++++ Raw data ++++

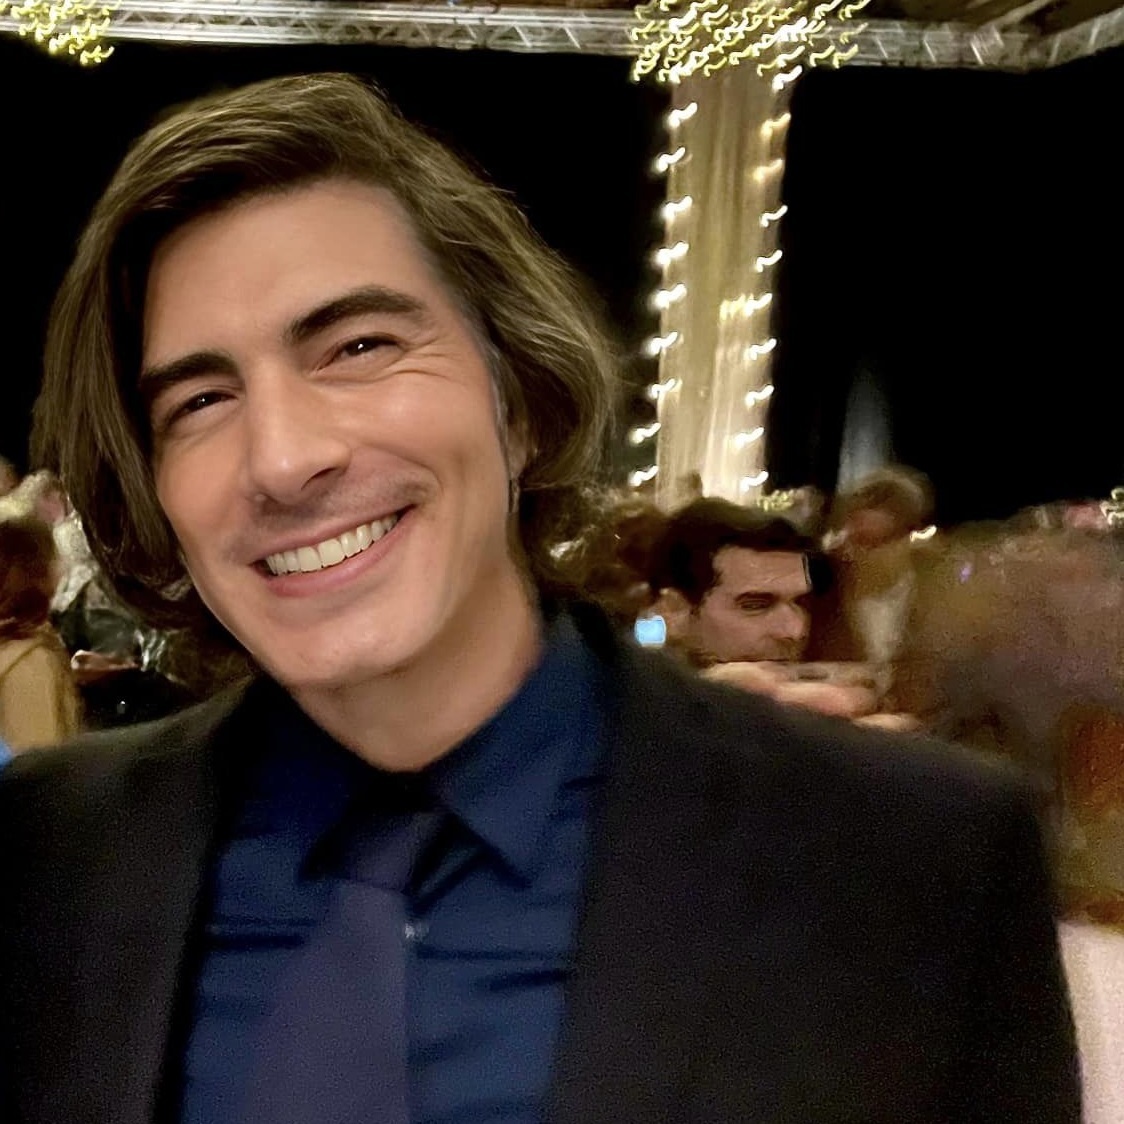 NEW photo of Brandon at the Julien Dubuque International Film Festival (JDIFF) Awards Night, which took place on Saturday evening! 😍🔥
📸 credit: Jeff Dyer
#brandonrouth #superman #legendsoftomorrow
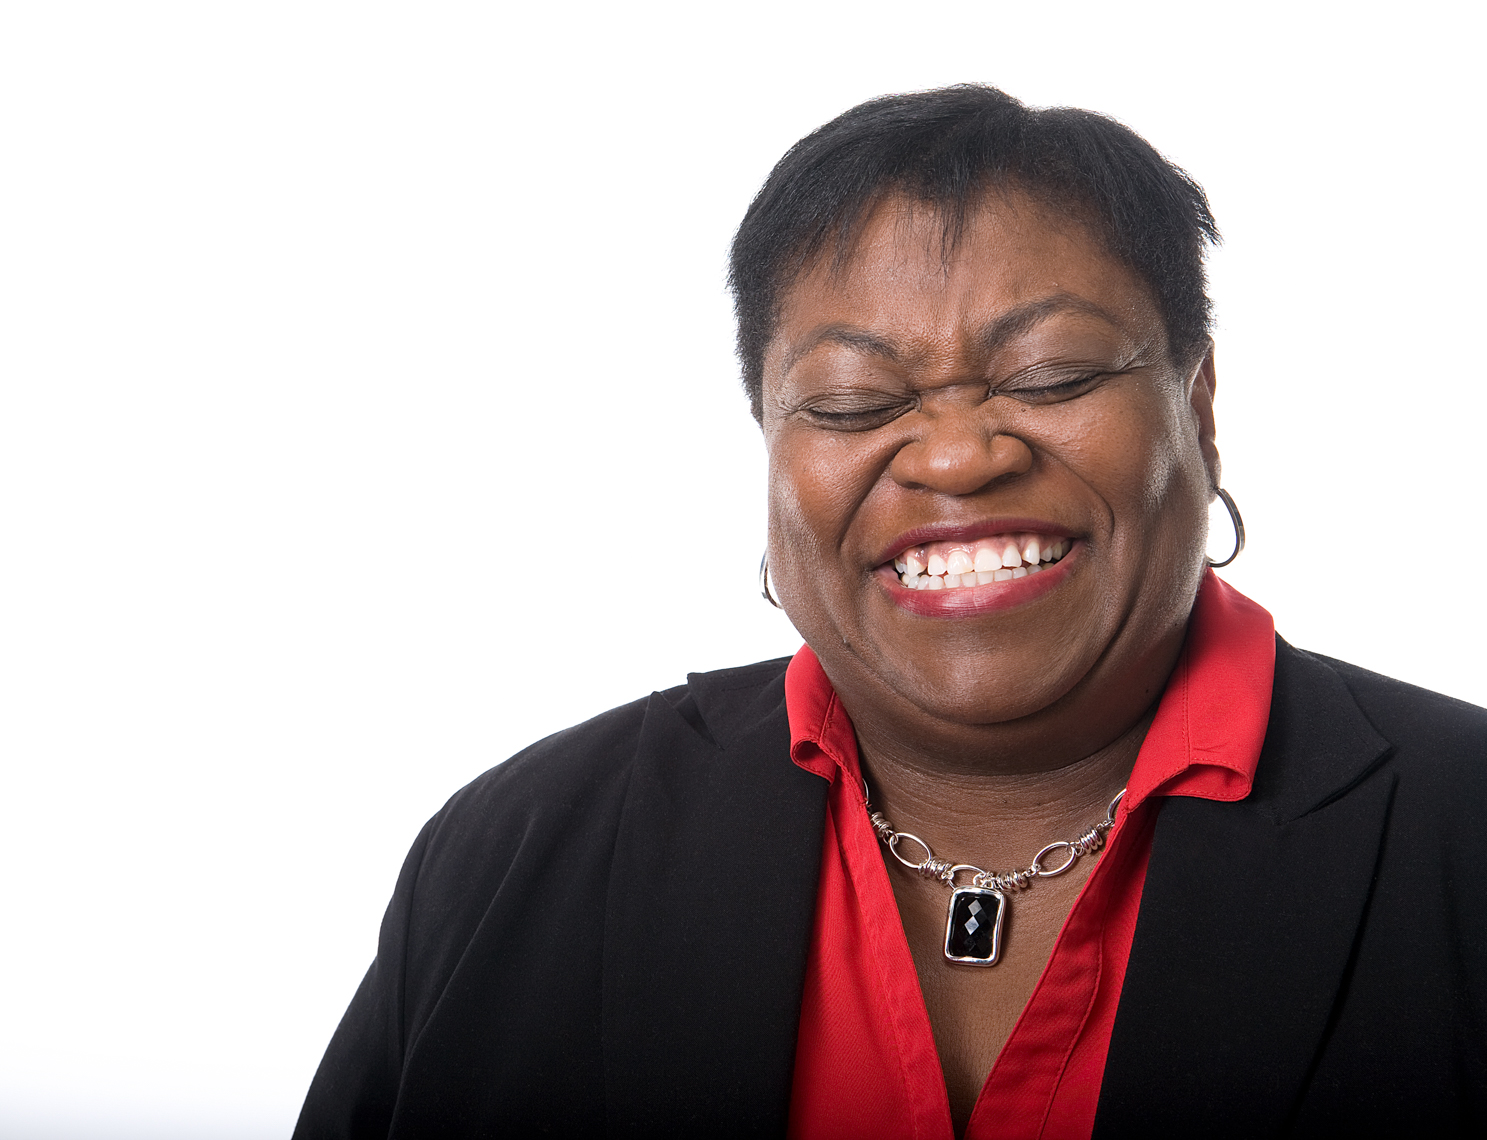 Laughing, giggling, happy, mature woman, African-American, joy, smile, diversity, portrait, activism, immigrant rights, mission, United Methodist Women, human rights, Nashville portrait photographer
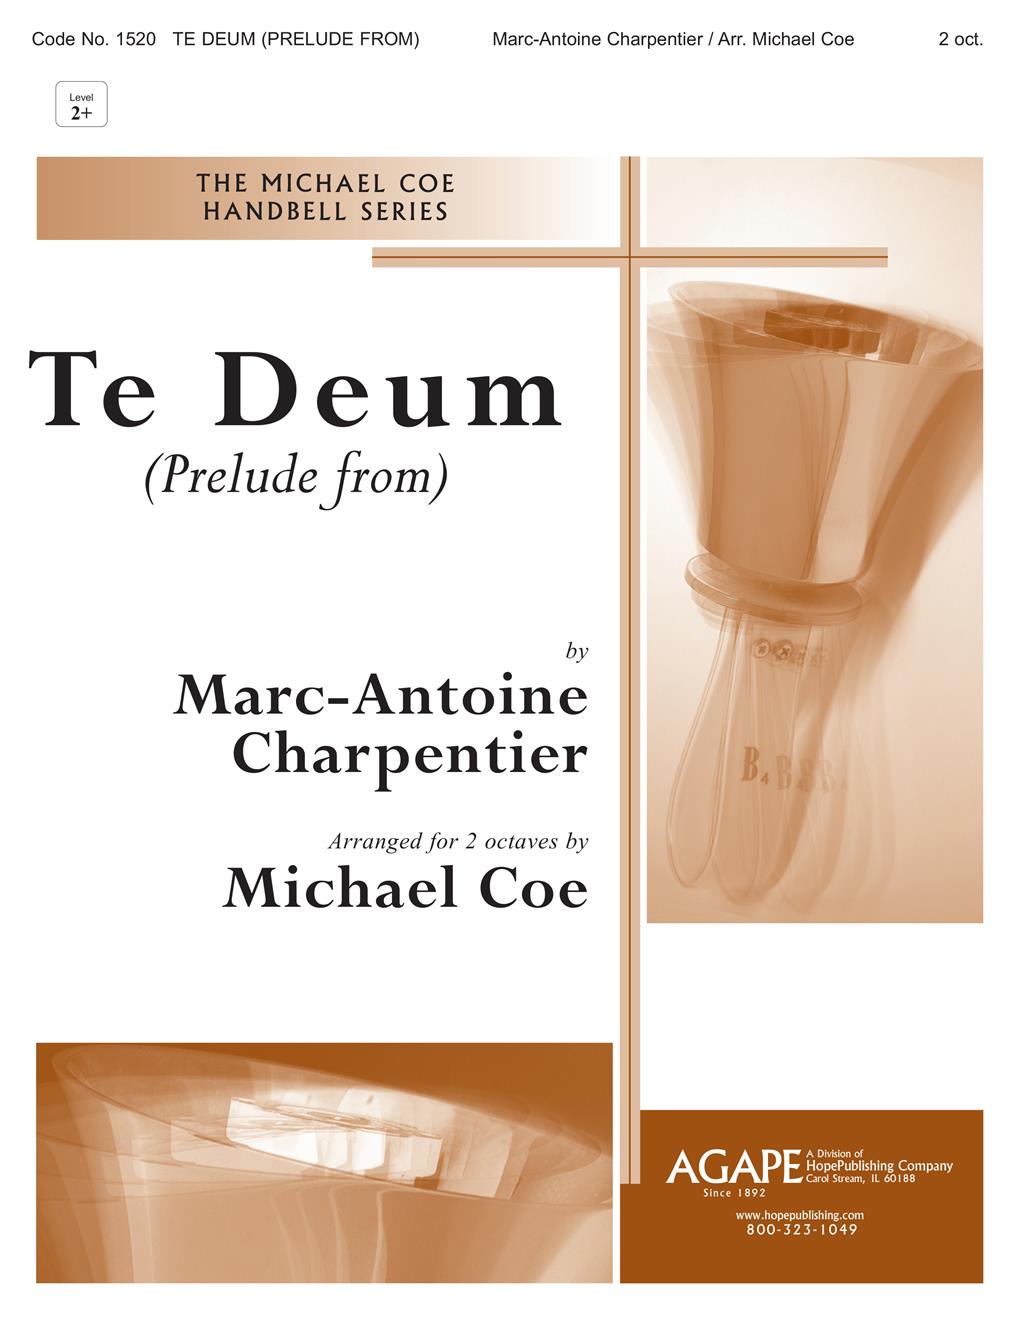 Prelude from "Te Deum" - 2 Oct. Cover Image
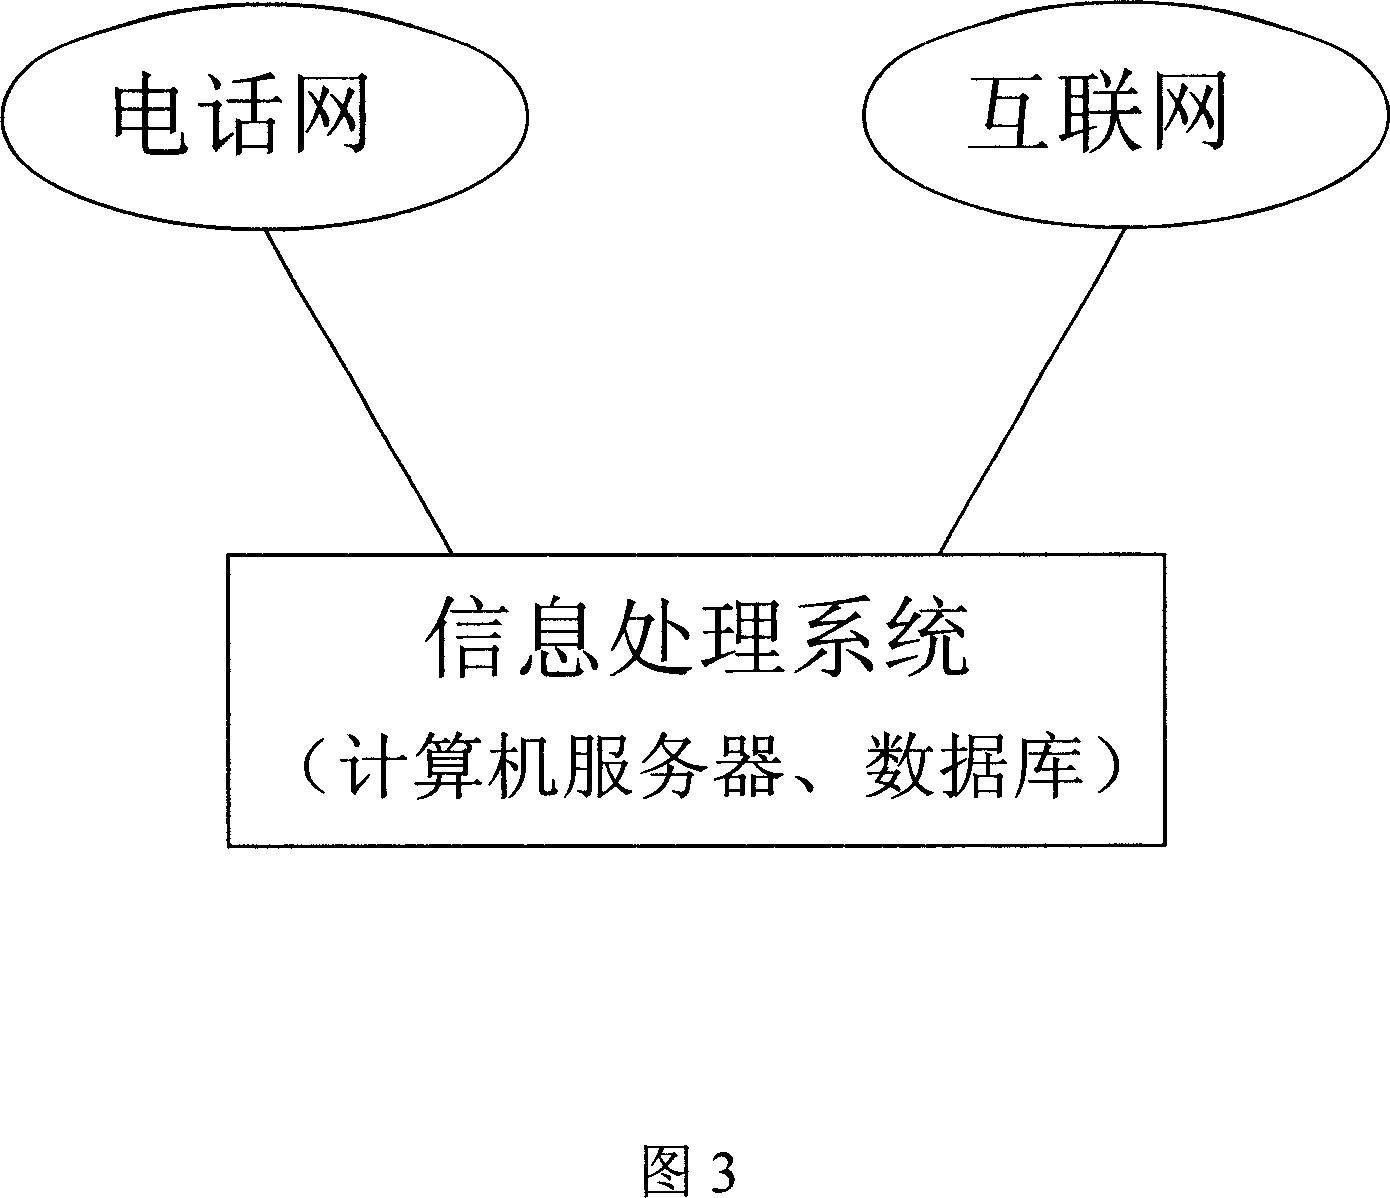 A method for providing the phone network communication information to the computers in the Internet and its system

++++

Keeping the pictures out, print the entries above exactly as written.

Answer section:
 NEW photo of Brandon at the Julien Dubuque International Film Festival (JDIFF) Awards Night, which took place on Saturday evening! 😍🔥
📸 credit: Jeff Dyer
#brandonrouth #superman #legendsoftomorrow
 Laughing, giggling, happy, mature woman, African-American, joy, smile, diversity, portrait, activism, immigrant rights, mission, United Methodist Women, human rights, Nashville portrait photographer
 Prelude from "Te Deum" - 2 Oct. Cover Image
 A method for providing the phone network communication information to the computers in the Internet and its system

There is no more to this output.